*** Opening Data segment ***

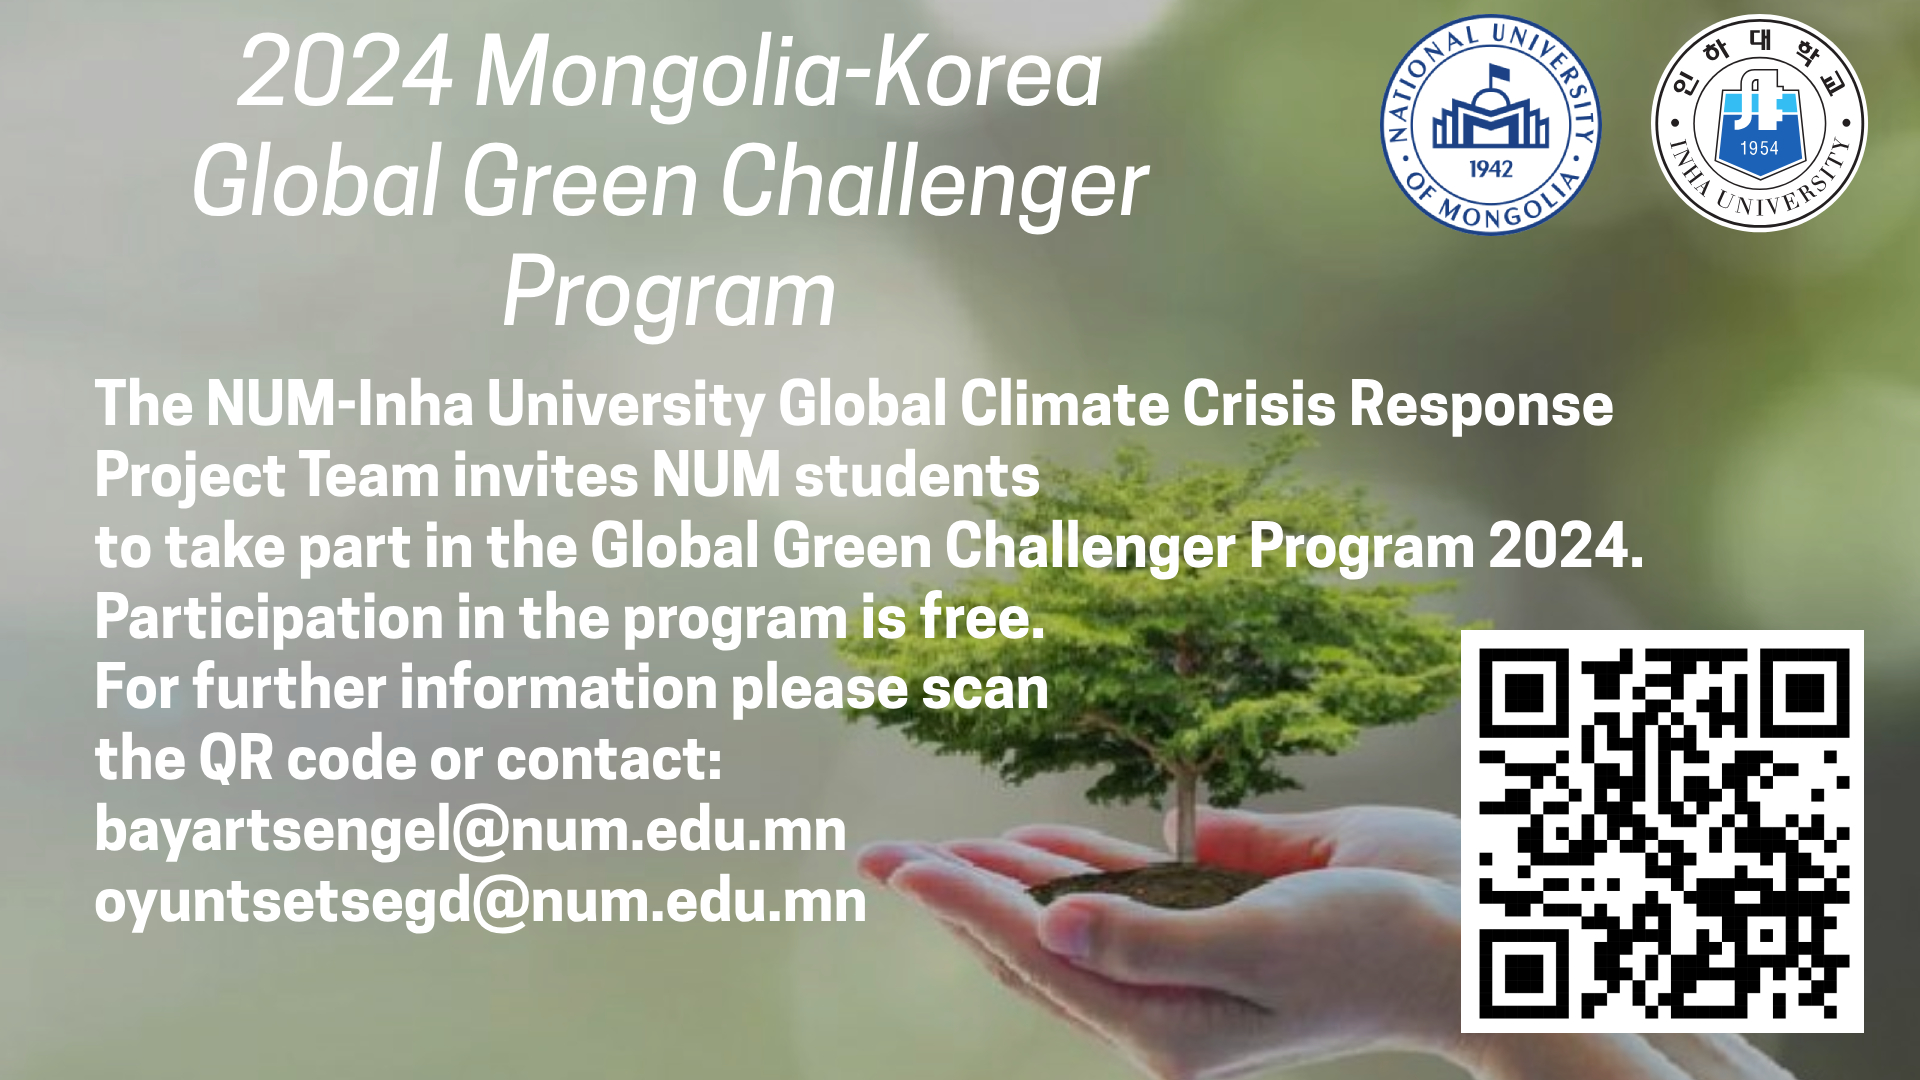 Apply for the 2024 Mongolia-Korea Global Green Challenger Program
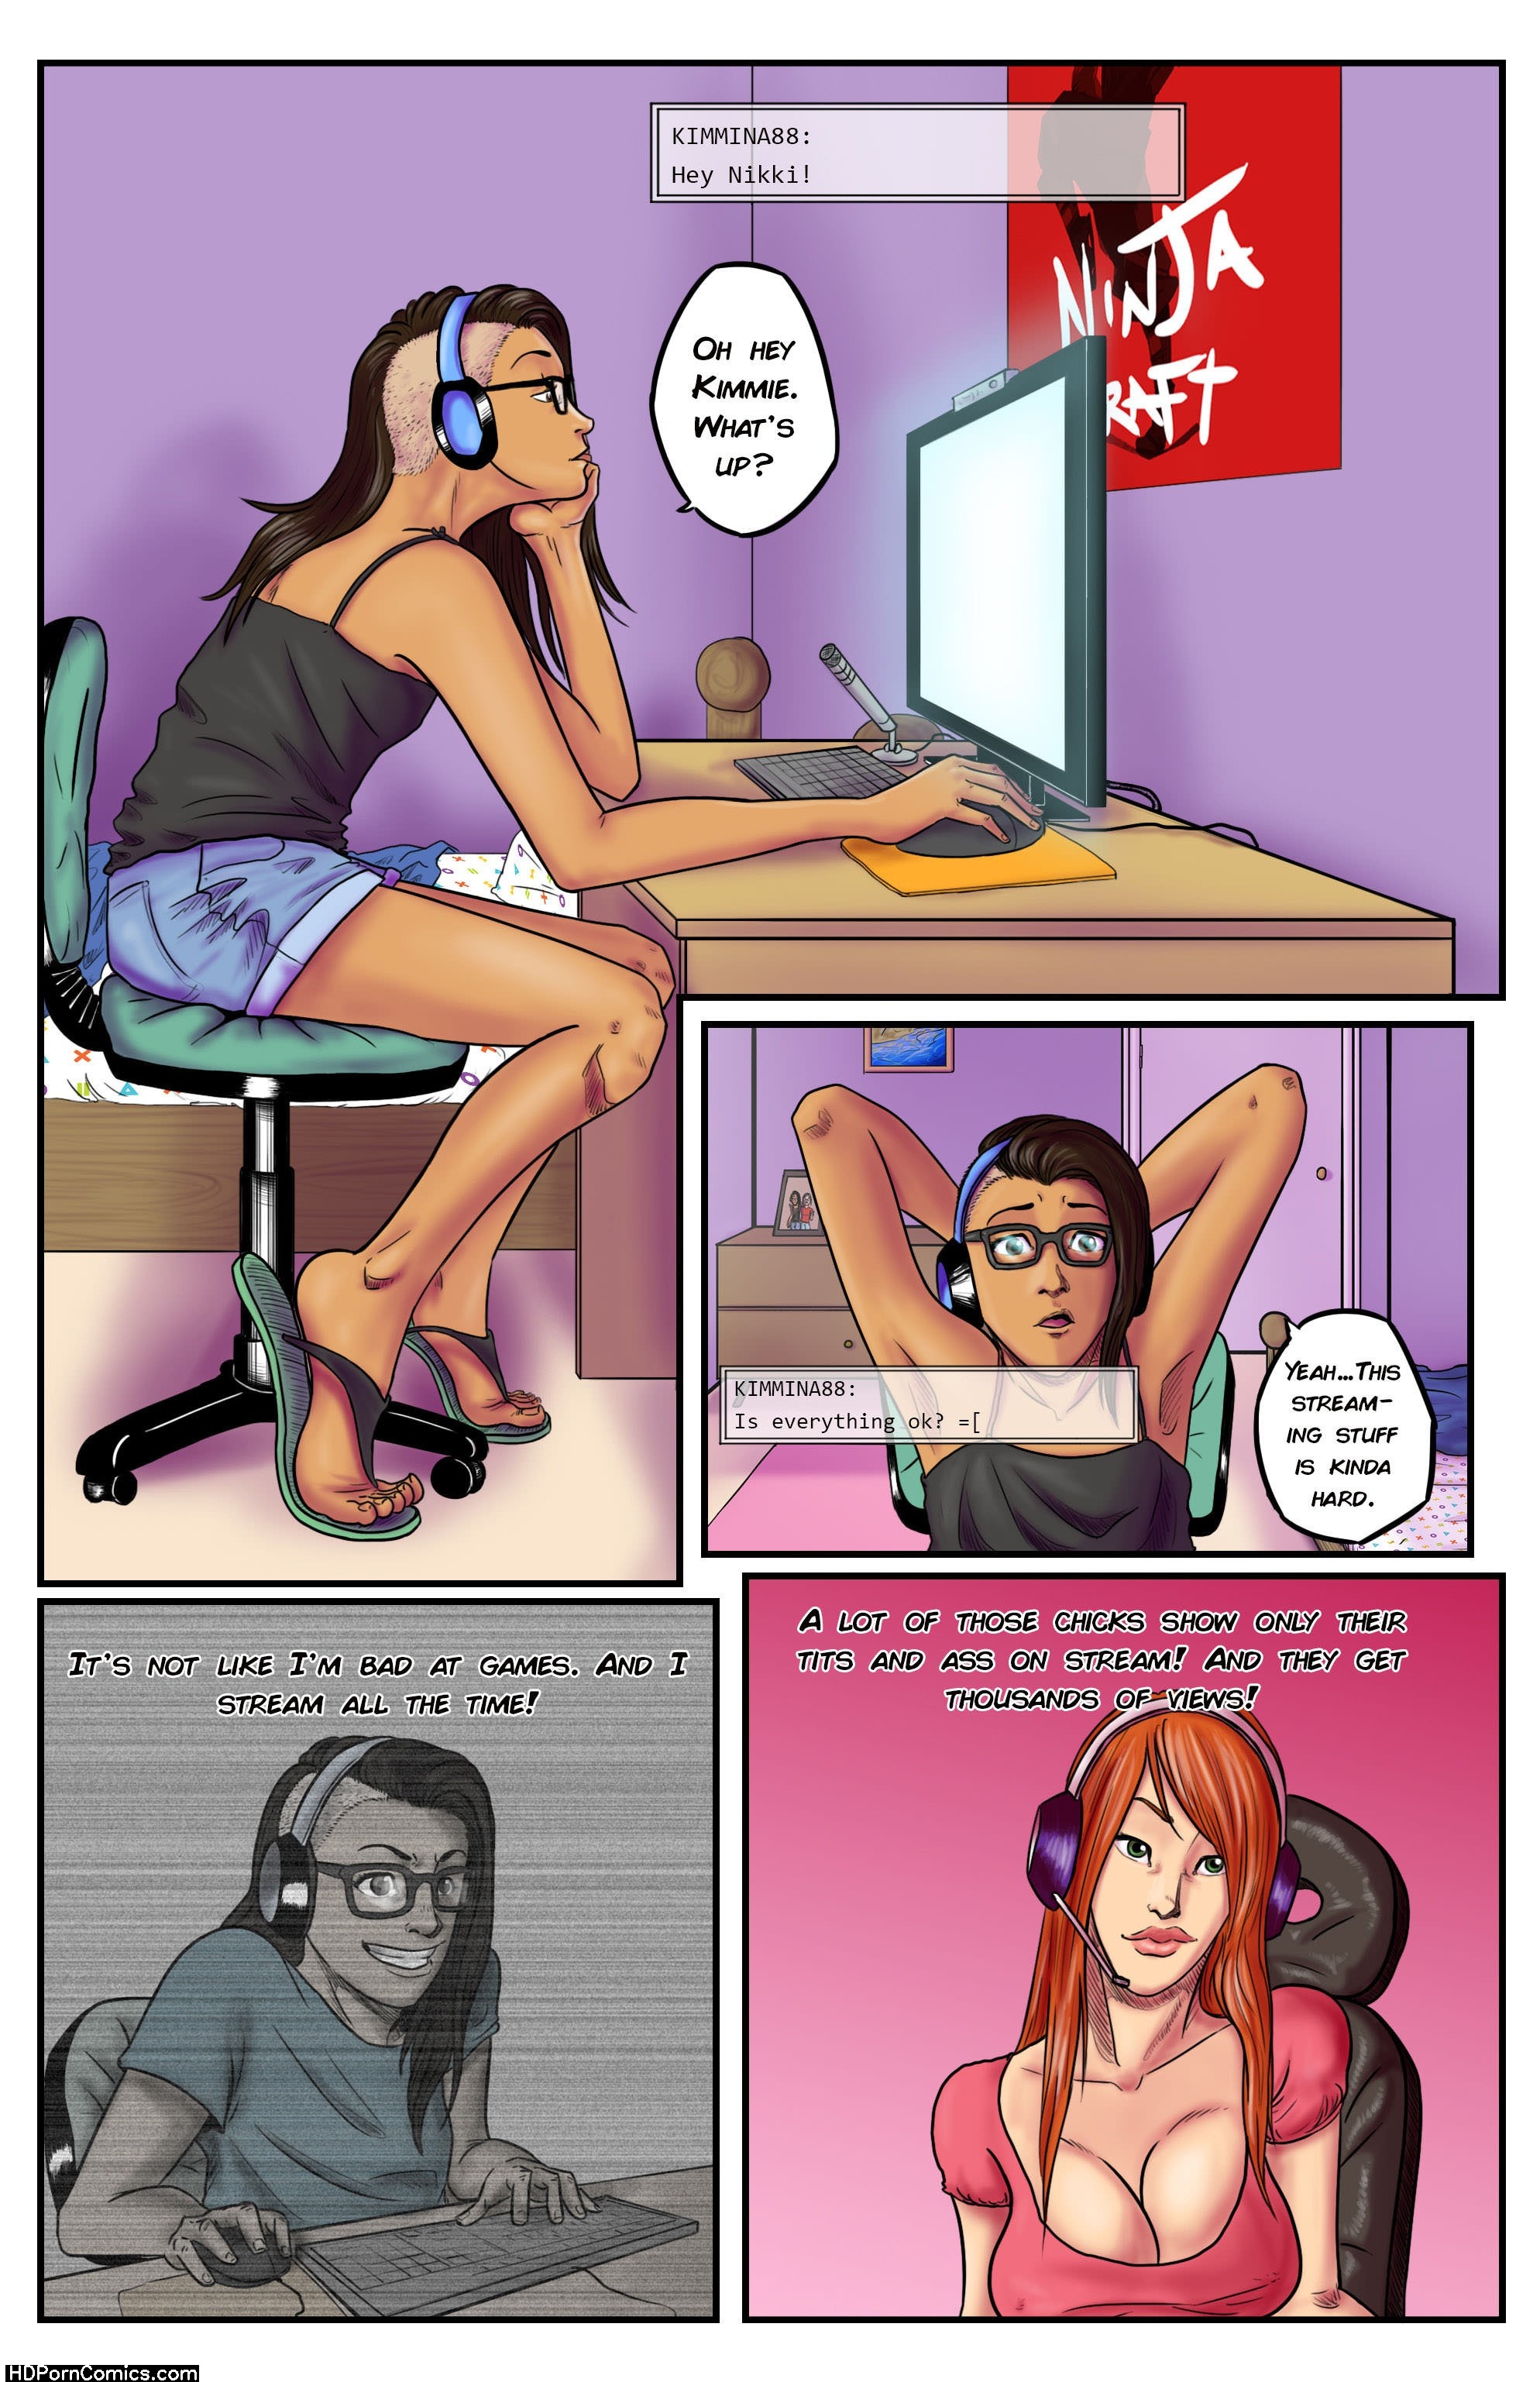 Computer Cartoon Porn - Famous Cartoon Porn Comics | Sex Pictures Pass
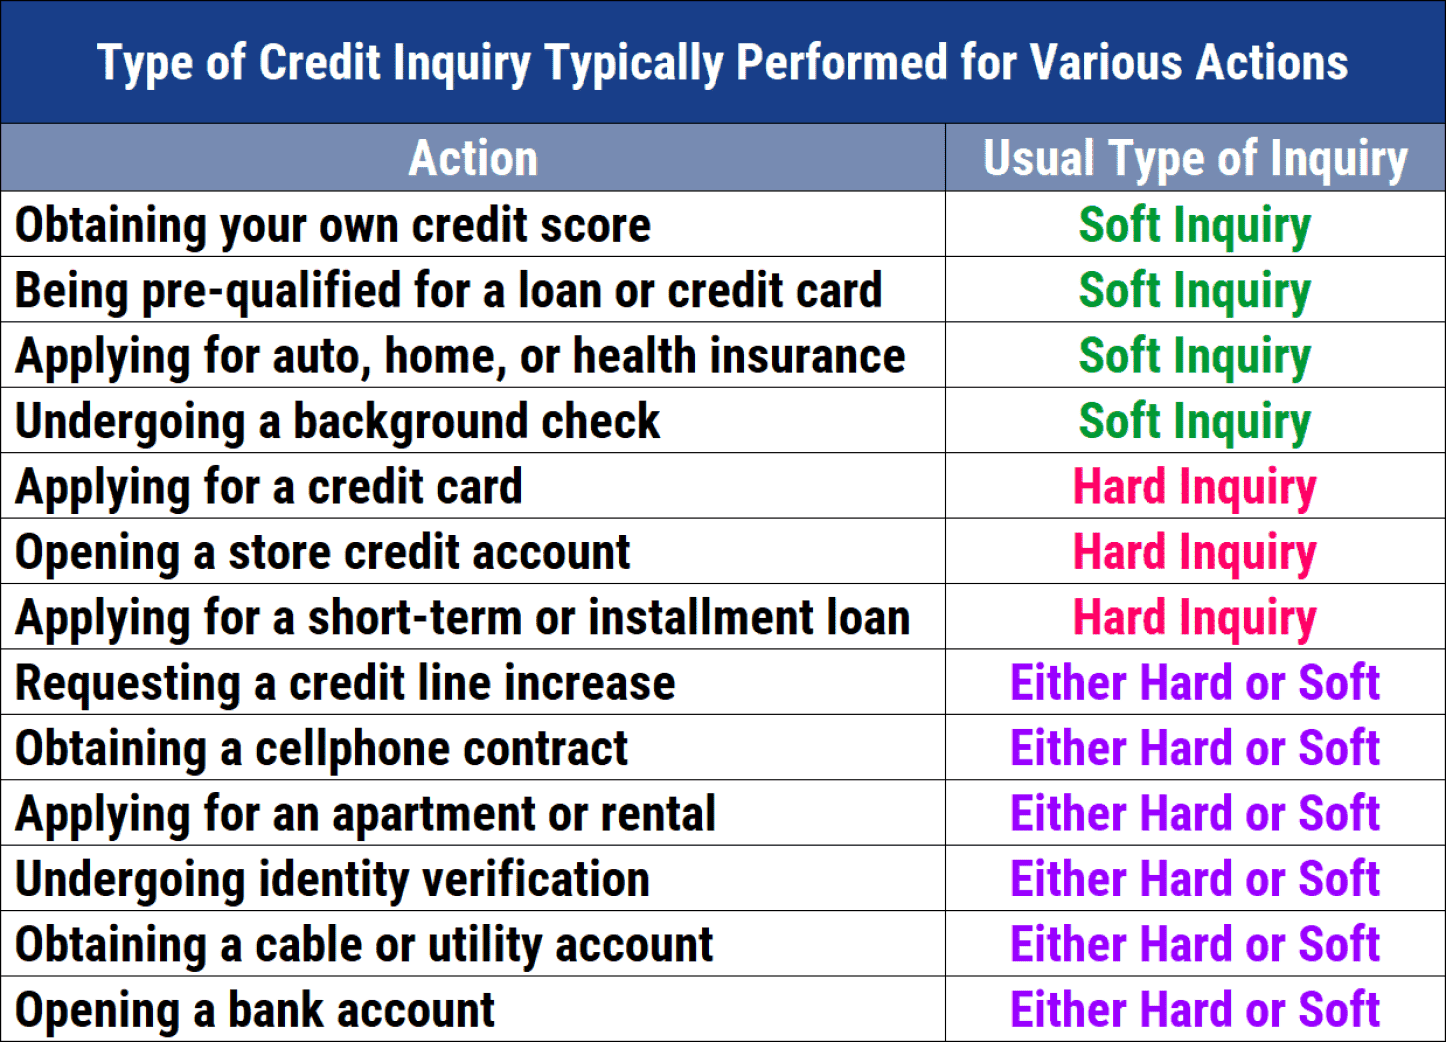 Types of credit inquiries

*** Closing Data segment ***

Return all of the data exactly as written, and drop the pictures.

 Apply for the 2024 Mongolia-Korea Global Green Challenger Program
 Computer Cartoon Porn - Famous Cartoon Porn Comics | Sex Pictures Pass
 Types of credit inquiries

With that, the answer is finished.